Do you understand? And no I don't understand. The two phrases are the cornerstone of my Creole arsenal. Sometimes I get to use my big boy phrases such as, “I like ...”, “My name is ...”, “I want ...”, and lastly but not least “I have to poop.” Even though I've only been learning Creole for 3 weeks and I haven't really had anyone tutor me, it pains me every time I have to say, “Mwen Pa Kompran.”
You may be asking yourself, "why hasn't Eric had a real tutor?" Well there are a few reasons. First, in Port Au Prince I had the masterful interpretation skills of Monica. Who by the way was kind enough to interpret during a 2 hour meeting... This meeting was chaired by the most Italian woman I've ever met. I thought she was speaking Italian but alas it was just her accent. Monica is good, but apparently not Italian accent in French while talking about technical solutions to building earthquake resistant houses in Haiti good.
Second, the nun's have no interest in tutoring me to speak Creole... For some reason they think I should learn french. Quite frankly I don't like the french enough to use a capitol f. Yet, the stigma in Haiti is that you are more intelligent if you speak french. Well that's only because they teach french in the schools. If they were really smart they'd start teaching Chinese, Spanish, or English.
Thirdly, they keep moving me around. of my 3 weeks in Haiti I've spend at least 7 days going places in a car... (that's a story for another day) However, even among all this chaos, I have been able to find people willing to teach me Creole. In Port Au Prince that person was T Jack (a worker who lives on the grounds).
I freaking love T Jack. He does everything for the sisters in Port Au Prince and with a smile on his face. Everything includes killing poisonous centipedes for Monica. He has never asked me to give him anything but I would if he asked. I want to give him something more valuable than money. I want to teach him to speak English. So T Jack and I began studying together every night for about 2 hours.
We would take turns writing phrases on the board and trying to learn. 2 days after our first lesson Sr. Monique tells me I'm leaving for Cap Haitian. I managed to break the news to T Jack in my very broken Creole. While studying together before I left for Cap Haitian he wrote “Mwen vle Eric Pou Zanmi Mwen.” I want Eric for my friend. I told you all I freaking love this guy. I can tell he's got a great heart!
So jump ahead to new residence in Cap Hatian (where I'll be for 3 weeks). I have 20-30 pint sized tutors who fight to teaching me Creole. The best part is they love to play games like lets get Eric to say Kaka... I'm begin taught Creole by kids what do you expect? The nice thing about really young kids is that they love to ramble only stopping to make sure I haven't caught on to what they are saying. I thought the blank look would give it away. Luckily for me there are the best trait in my tutors is there patience for repetitions. They don't mind asking me to say things over, and over, and over, and over, and over. You get the picture? But it's fun. They laugh and even without being able to communicate I still make them laugh (To Laugh = Blag).

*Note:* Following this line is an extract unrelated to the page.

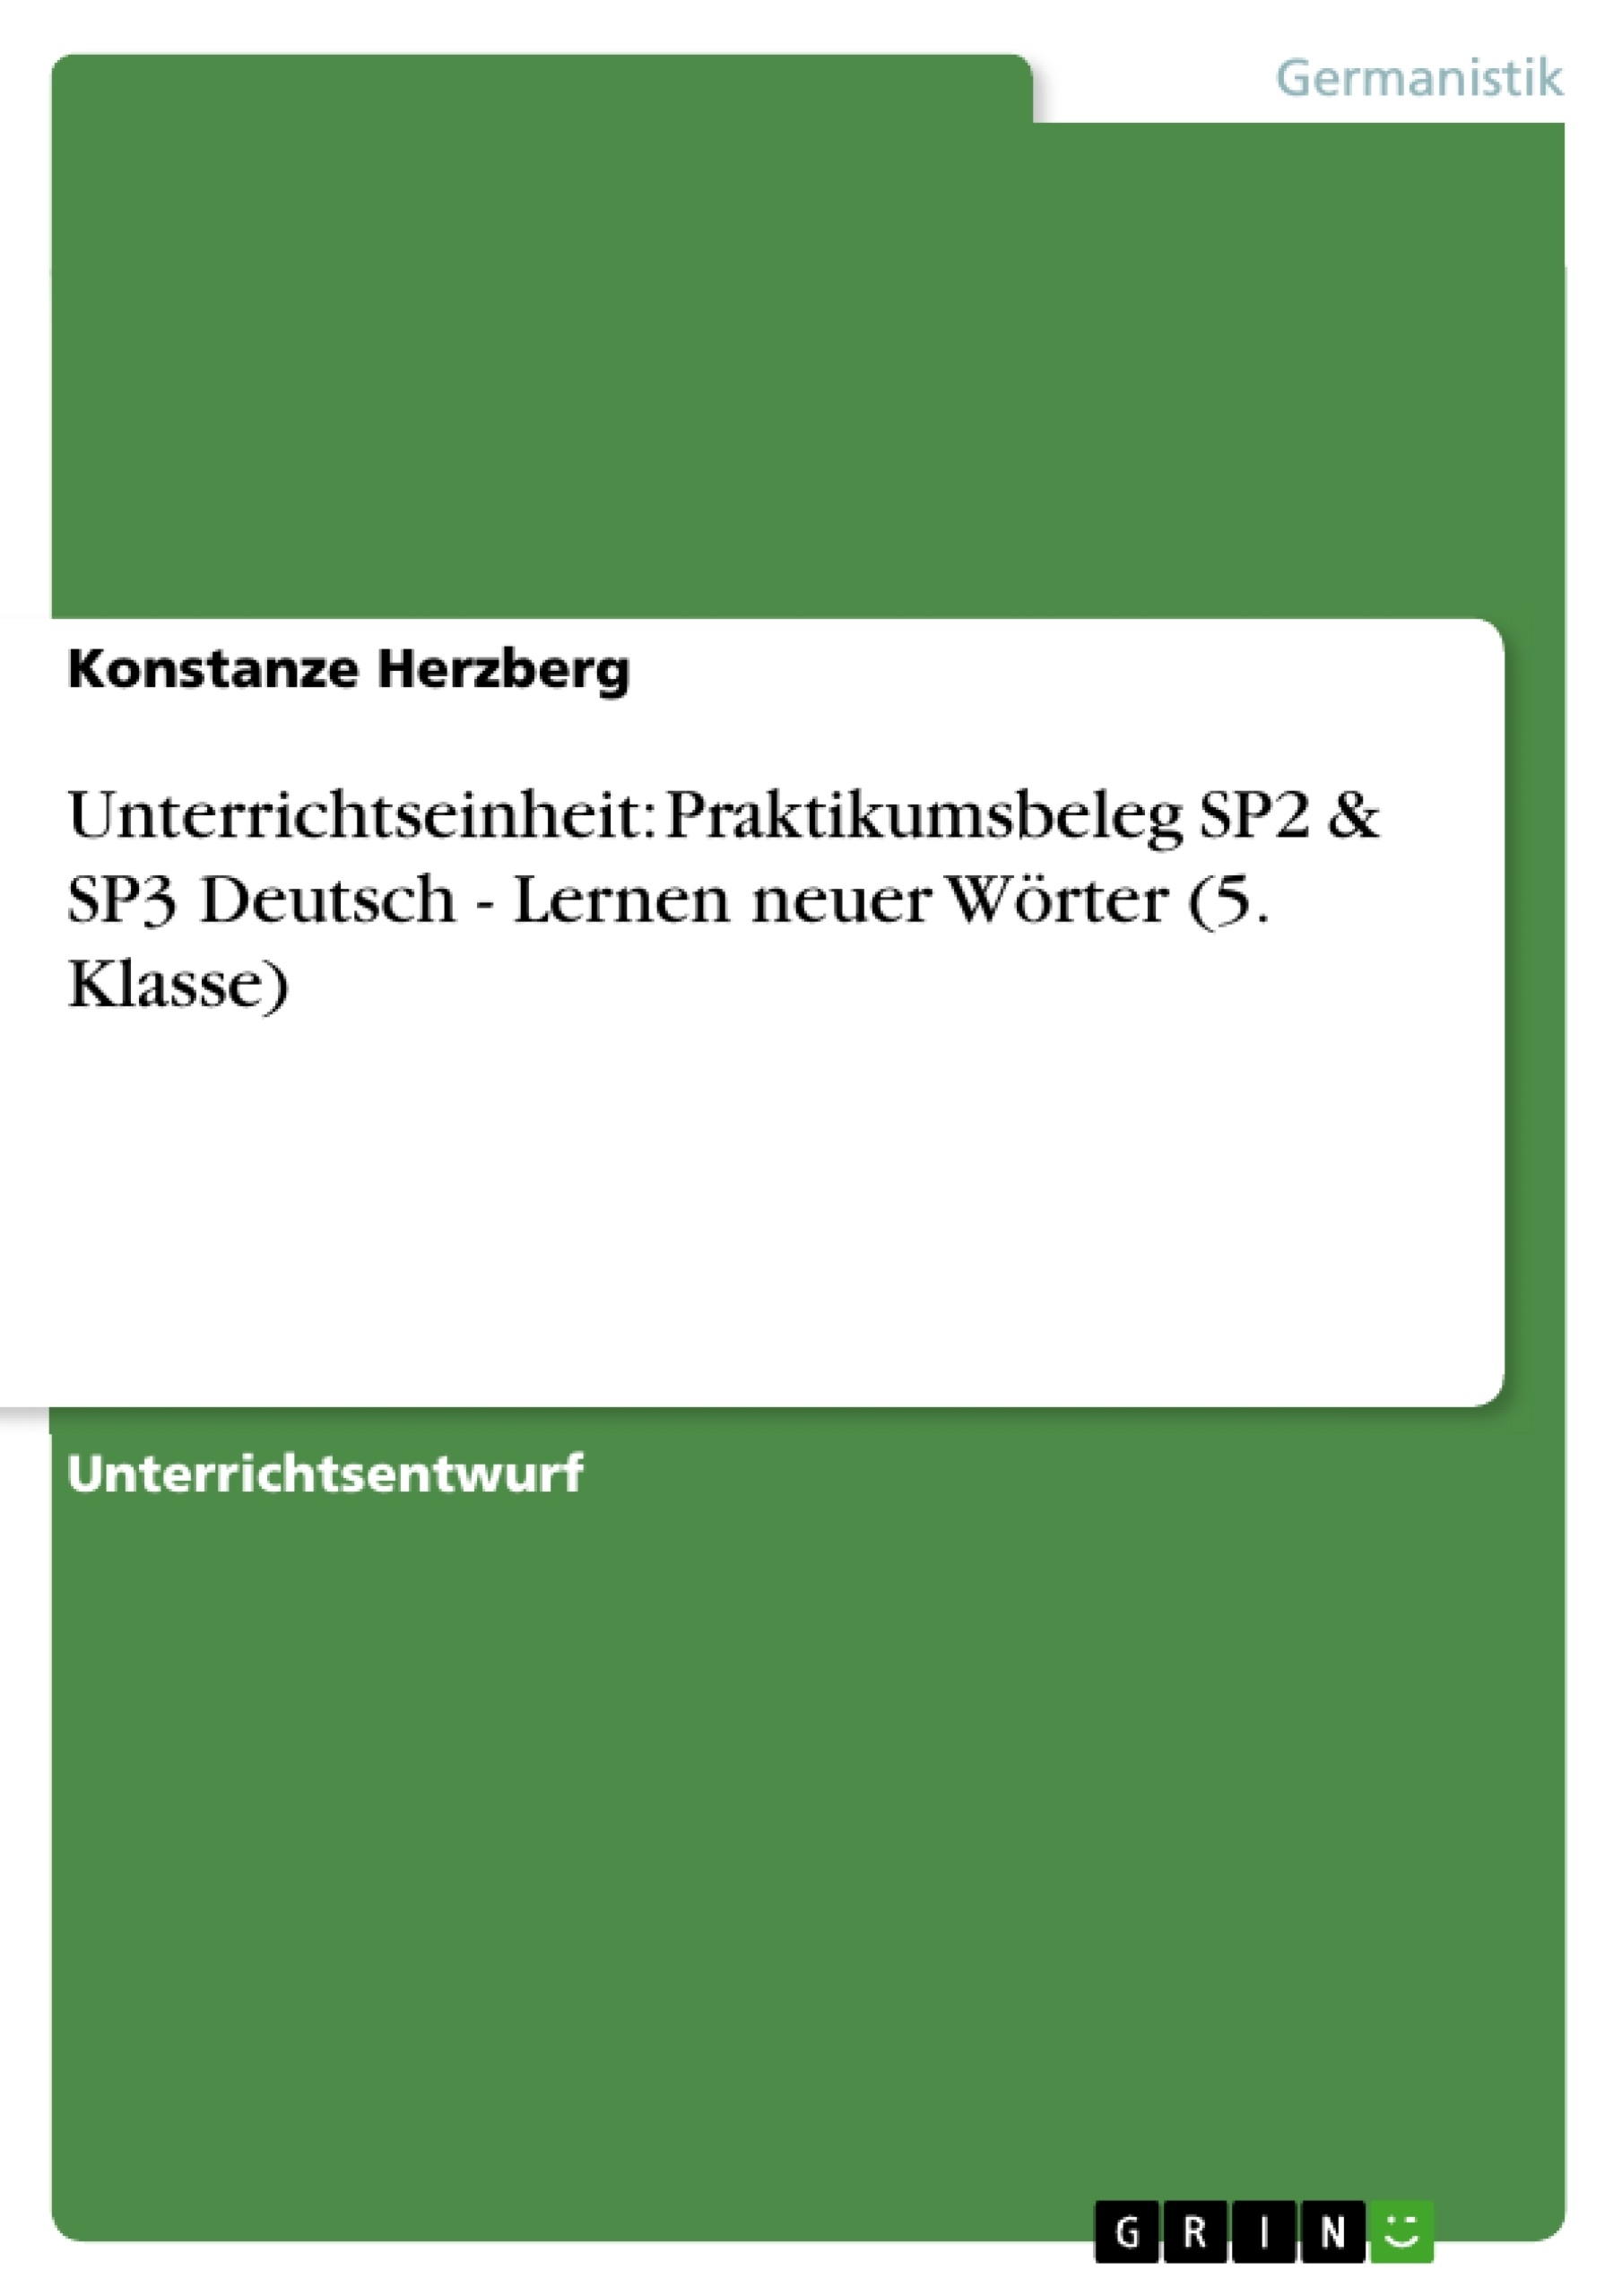 Titel: Unterrichtseinheit: Praktikumsbeleg SP2 & SP3 Deutsch - Lernen neuer Wörter  (5. Klasse)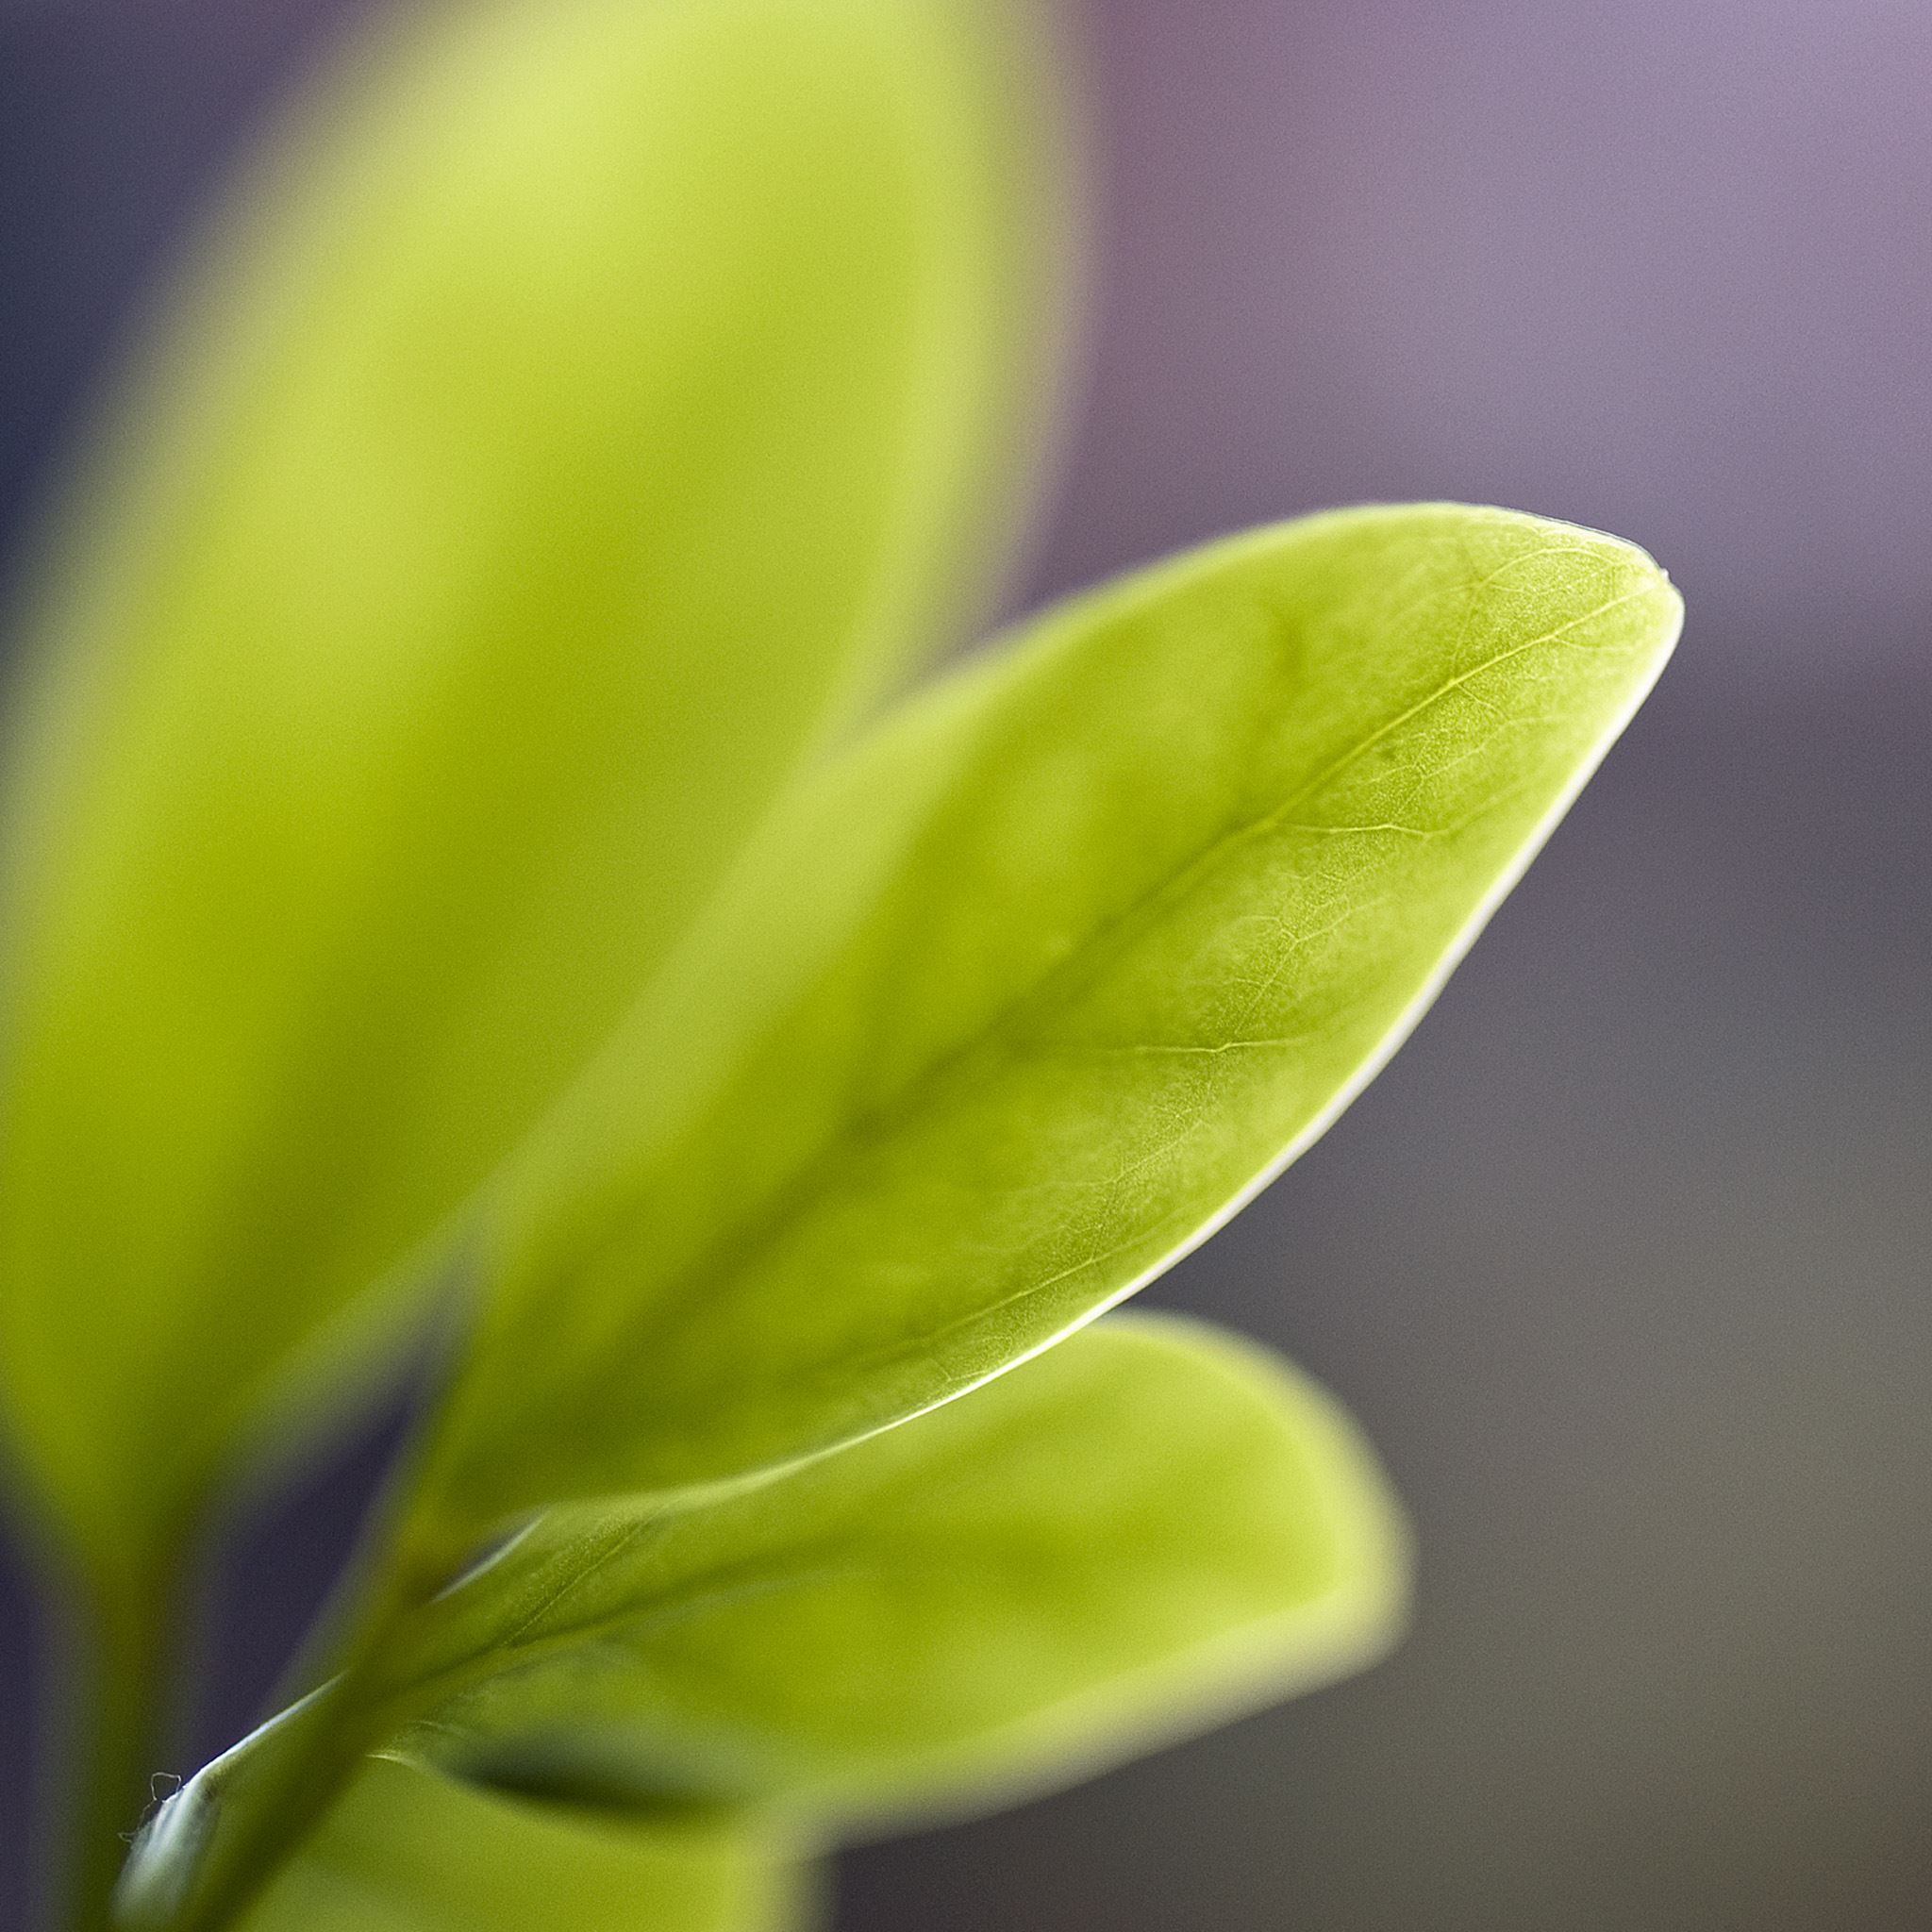 Нежные листики. Leaf Bud. Фон серый блики и листья зеленые. Herb macro.

At least here I have a job. I'm supervising the work that they are doing to restore the school (HA!). I can't explain that I'm an aerospace engineer and I have no clue how to build houses, so I just said, “land a 767 here and teach school in that.” Yes, I do like to mix English in a little just to show them how it feels. I know the answer but I can't help but ask, “Ou Kompran?”
P.S. I'll add some pics of the kids and T Jack Later.